Listed entries –
☆ ☆ ☆ ☆ ☆ ☆ ☆

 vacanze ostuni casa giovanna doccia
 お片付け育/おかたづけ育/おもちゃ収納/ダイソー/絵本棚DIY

☆ ☆ ☆ ☆ ☆ ☆ ☆

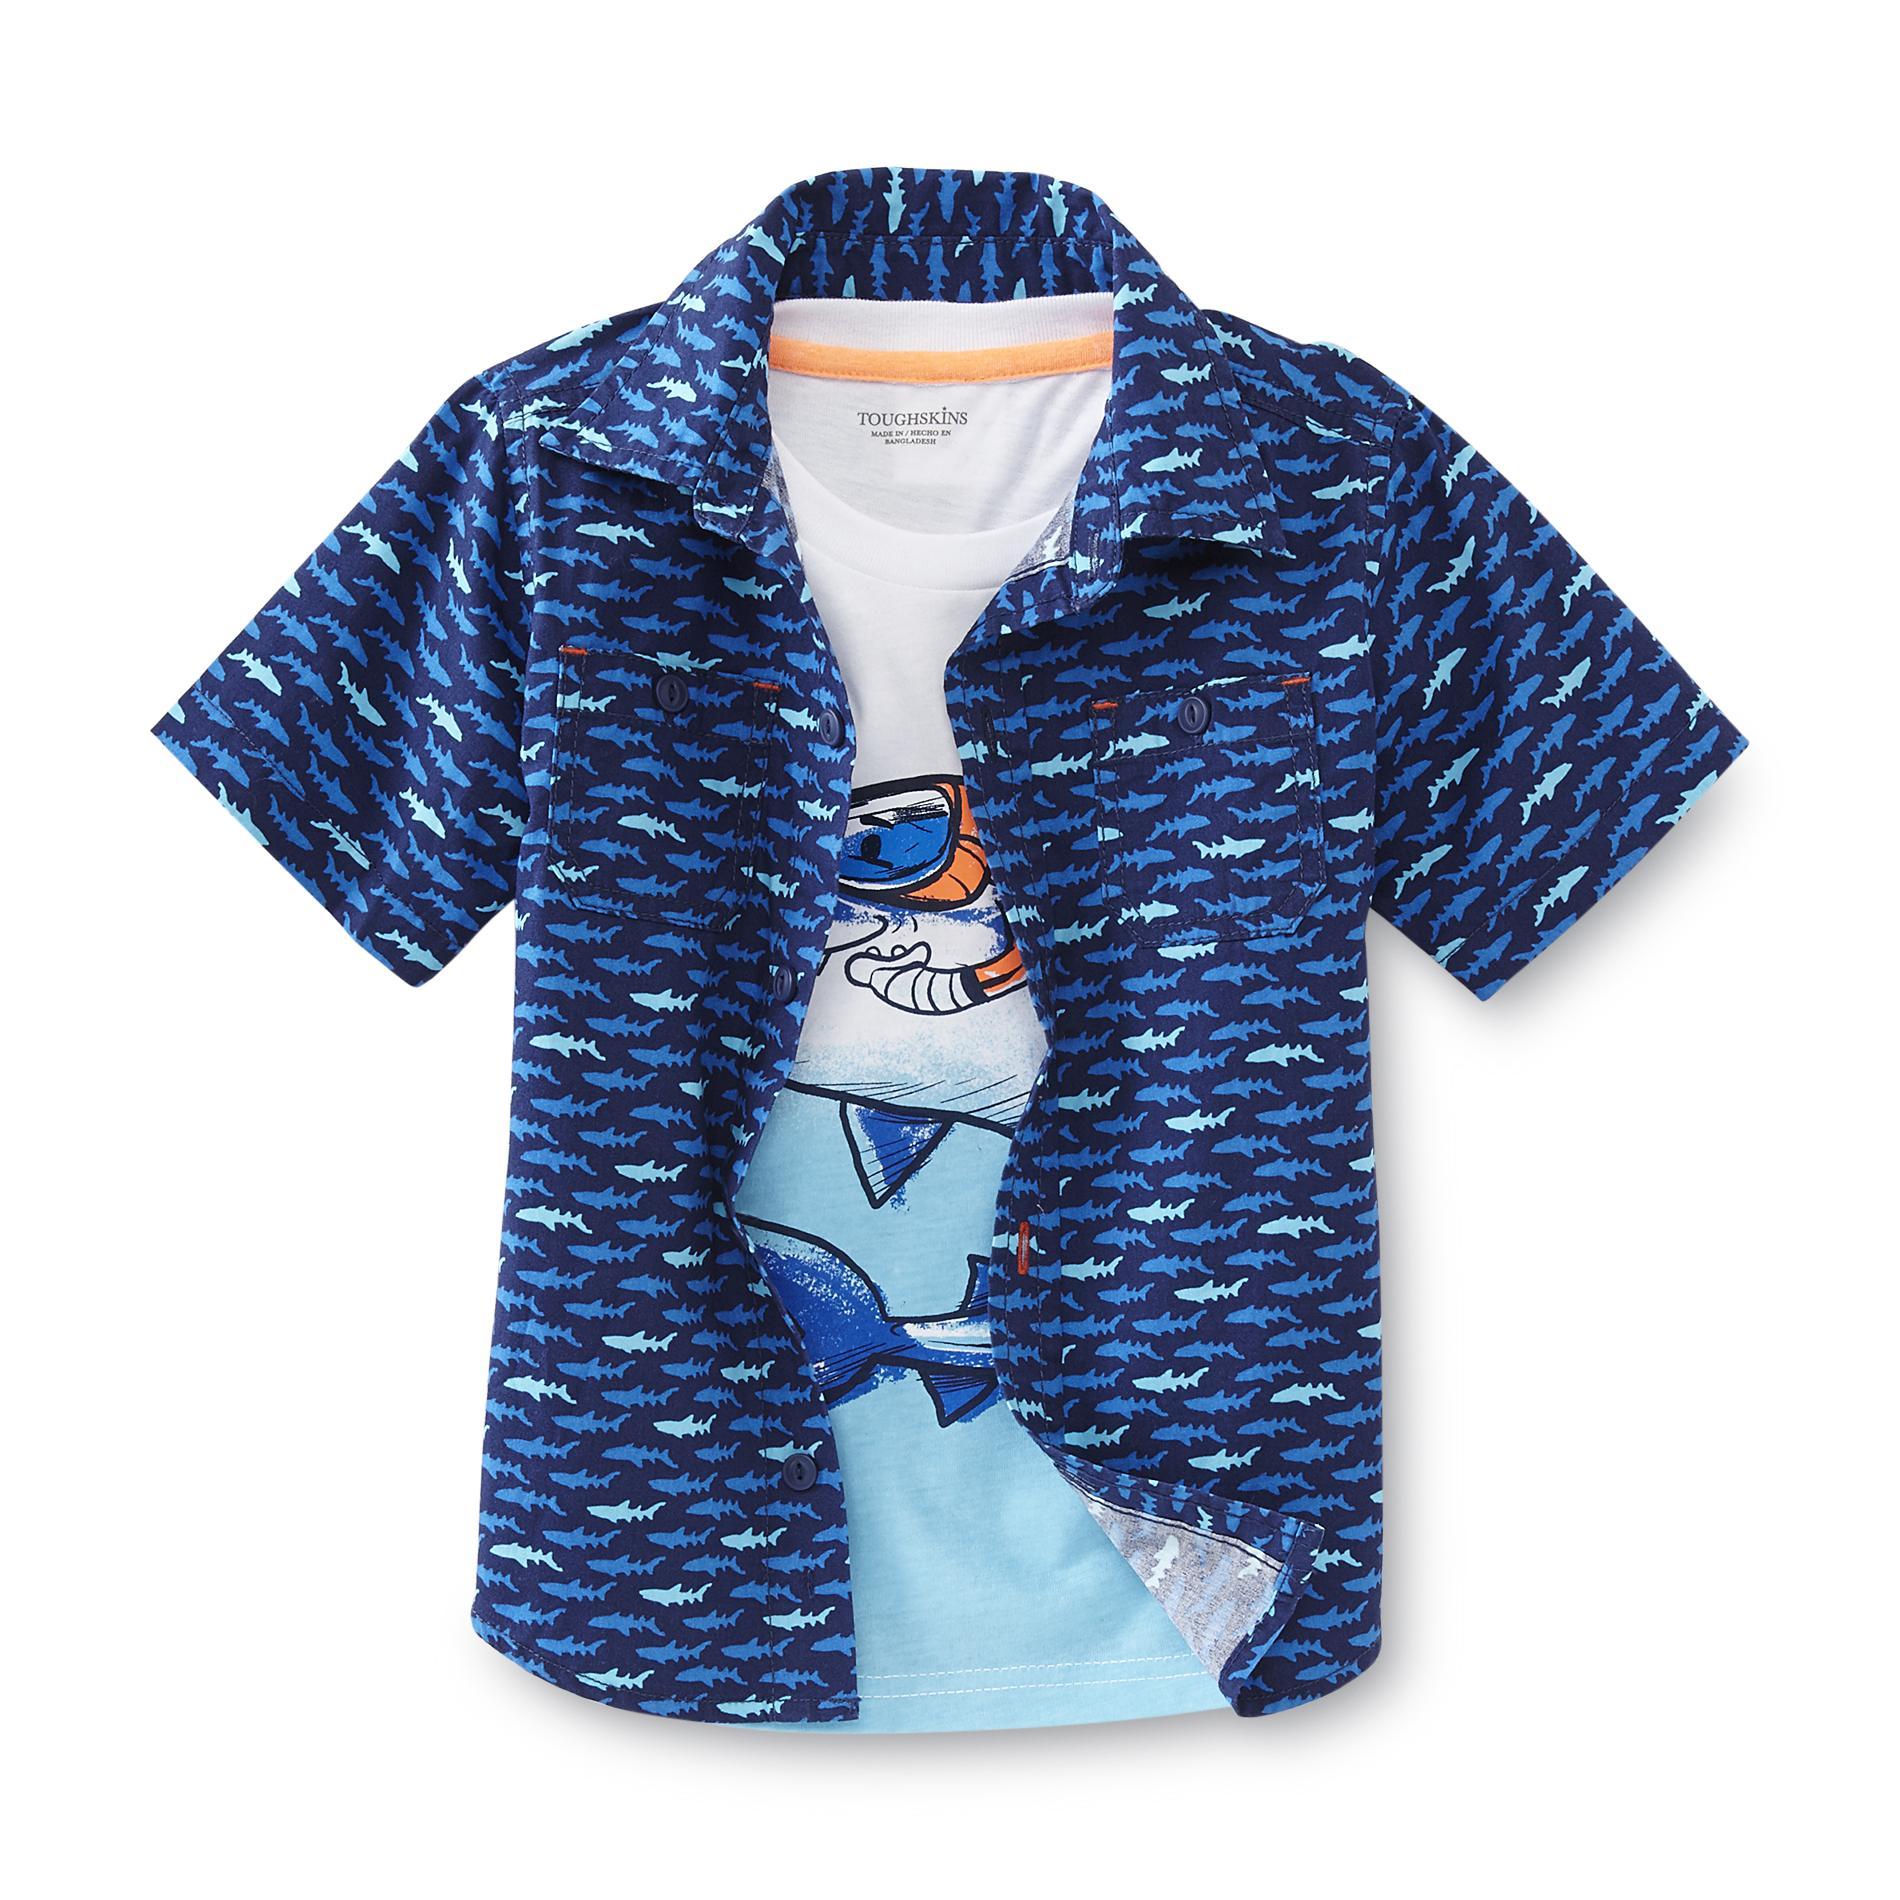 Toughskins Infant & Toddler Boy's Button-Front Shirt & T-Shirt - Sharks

☆ ☆ ☆ ☆ ☆ ☆ ☆

Task description – Of the lines above, output exactly those from the line bearing "vacanze ostuni casa giovanna doccia" through the line bearing "お片付け育/おかたづけ育/おもちゃ収納/ダイソー/絵本棚DIY", inclusive.

Final answer –
 vacanze ostuni casa giovanna doccia
 お片付け育/おかたづけ育/おもちゃ収納/ダイソー/絵本棚DIY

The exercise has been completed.